Sadly, this proves to be a poor choice by most distributors. PostgreSQL obtained this proper by providing the JSON
and JSONB
sorts, the latter being fairly performant even when storing and indexing JSON paperwork.
First off, and this involves no shock to anybody working with virtually every other language than SQL: Varieties are semantic. Stringly typed environments are unhealthy. Or because the quote goes:
The Bitterness of Poor High quality Stays Lengthy After the Sweetness of Low Worth is Forgotten — Benjamin Franklin
With “Low Worth” being the low worth of the fast and soiled stringly-typed function addition with no formal sort. We already had this again and again with BOOLEAN
sorts, and dialects like MySQL that fake that supporting this can be a good thought:
SELECT *
FROM t
WHERE 1 OR 0 -- TRUE OR FALSE
Let’s take a look at examples of what I imply.
MariaDB and MySQL
Let’s take a look at MariaDB’s and MySQL’s syntax first. Right here’s create a JSON array:
Producing
[1, 2]
That’s nice! And it even conforms to plain SQL syntax. A JSON array may also be nested simply:
choose json_array(json_array(1, 2), 3)
To provide:
[[1, 2], 3]
Now, what if that nested array originates from a derived desk?
choose json_array(nested, 3)
from (choose json_array(1, 2) nested) as t
It ends in:
-- MySQL, MariaDB 10.6 [[1, 2], 3] -- MariaDB 10.5 ["[1, 2]", 3]
Bummer. In MariaDB 10.5, the nested array misplaced its “JSON sort annotation” and went again to the stringly typed model of itself. As a string, it must be quoted.

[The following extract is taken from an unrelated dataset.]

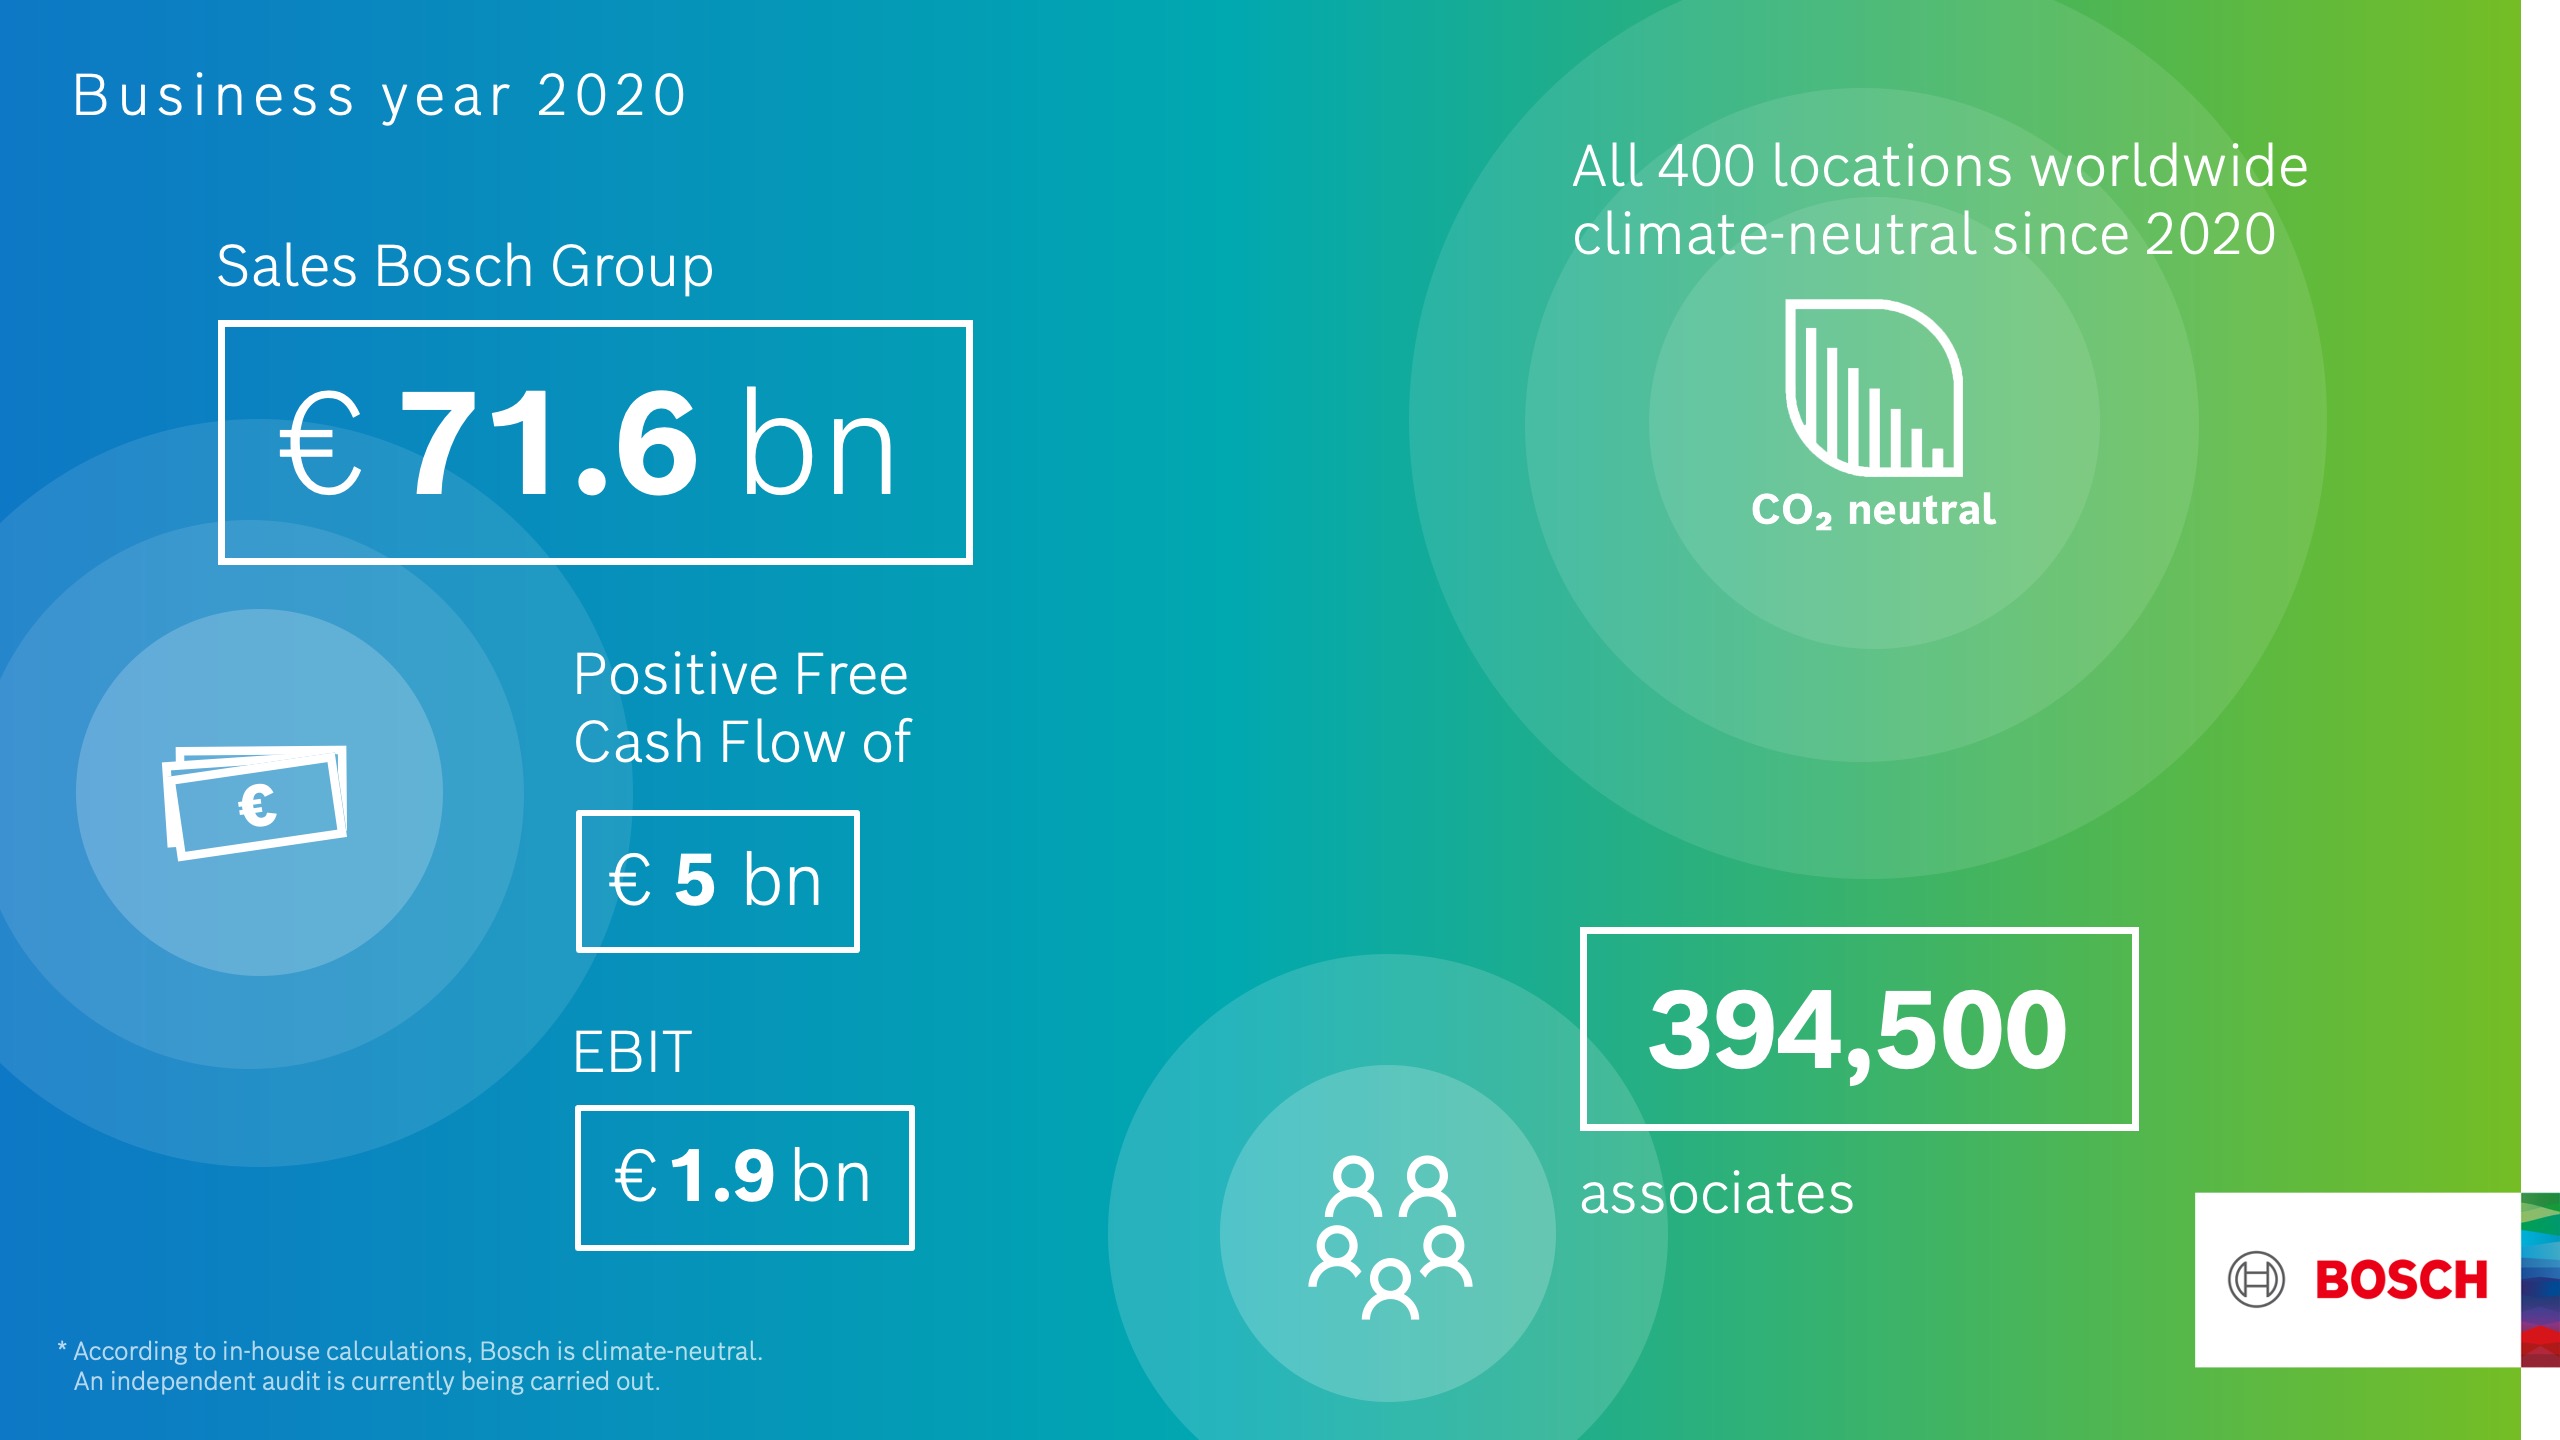 Bosch: preliminary business figures for 2020
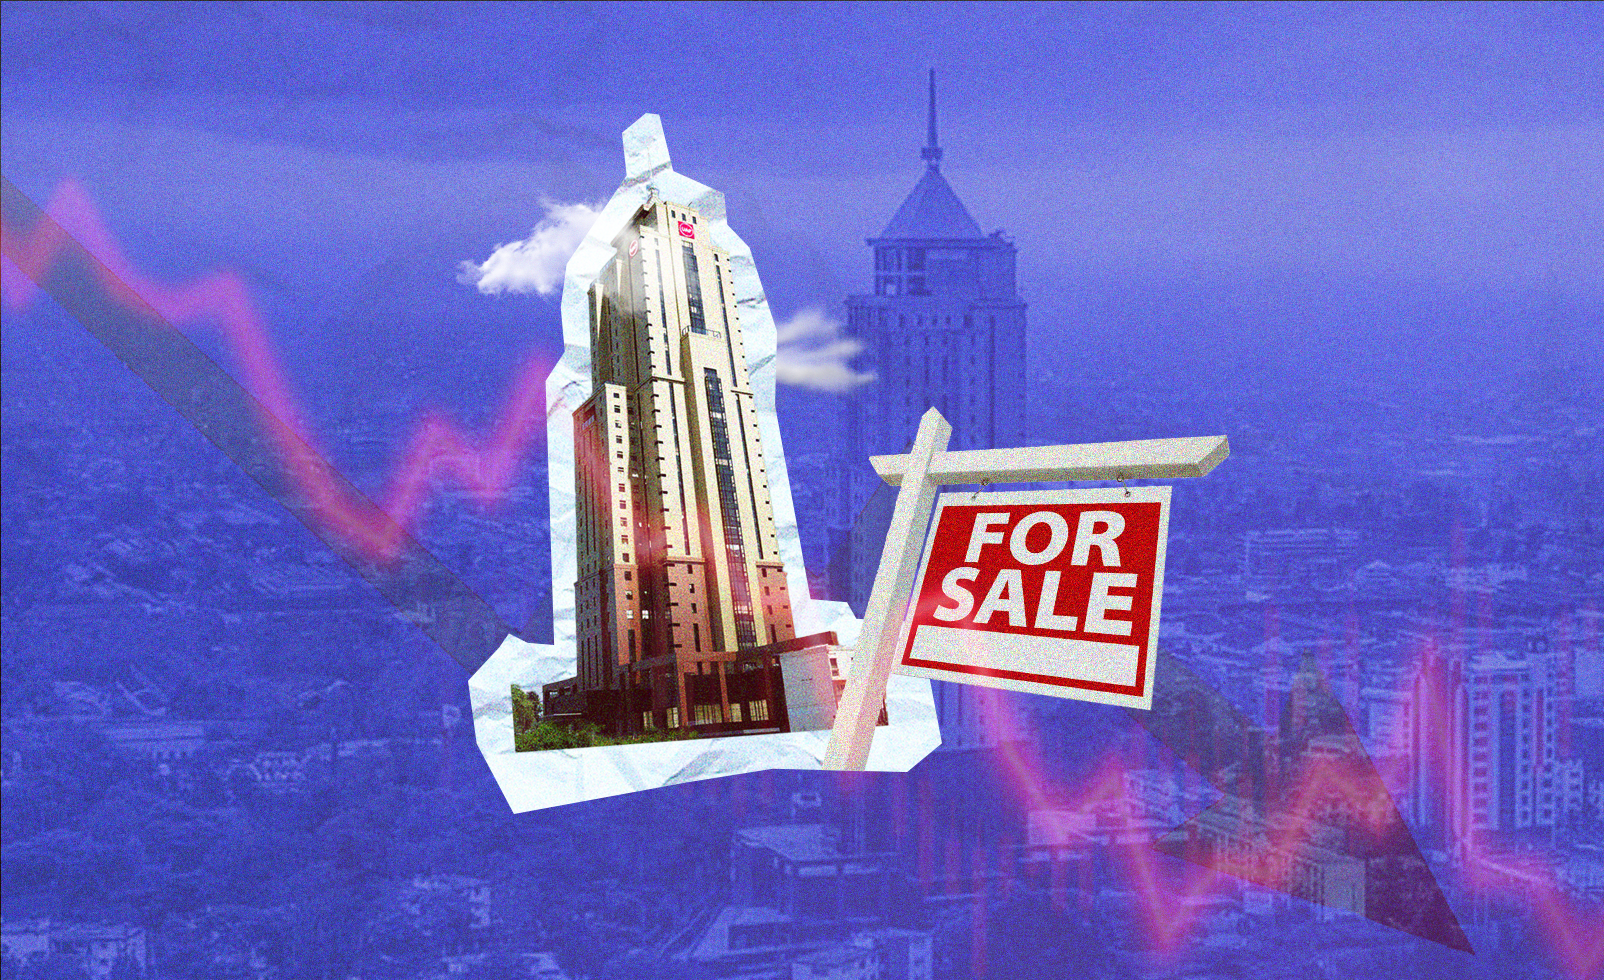 Nairobi’s Iconic Old Mutual Tower Up For Sale. Here Is What You Need To Know About The Building

This appears to be a bug https://jira.mariadb.org/browse/MDEV-26134 which apparently has been fastened already beneath a distinct subject in MariaDB 10.6. It’s not the one one, although. The bug tracker is stuffed with related points: https://jira.mariadb.org/browse/MDEV-13701.
MySQL appears to fare a bit higher by now, although there are caveats when aggregating (see additional down).
The one workaround I’ve discovered to this point for the above bugs is extraordinarily laborious:
choose json_array(json_merge_preserve('[]', nested), 3)
from (choose json_array(1, 2) nested) as t
Think about doing that each time you nest JSON. It really works, but it surely actually must be automated (e.g. by means of jOOQ).
Oracle
Oracle outlined a lot of the SQL normal, and I actually like how SQL-idiomatic its syntax feels, identical to SQL/XML. Sadly, they waited with the introduction of the brand new JSON sort till Oracle 21c (can’t wait to play with it). As such, we’ve to decide on whether or not to characterize JSON as VARCHAR2
, by default (restricted to 4000 bytes on some techniques or 32kb at most!) or CLOB
. For those who’re doing severe JSON, you’ll be able to most likely all the time add the RETURNING CLOB
clause to each single JSON operate name of yours. Successfully:
choose json_array(1, 2 returning clob)
from twin
The nested model seems like this:
choose json_array(nested, 3 returning clob)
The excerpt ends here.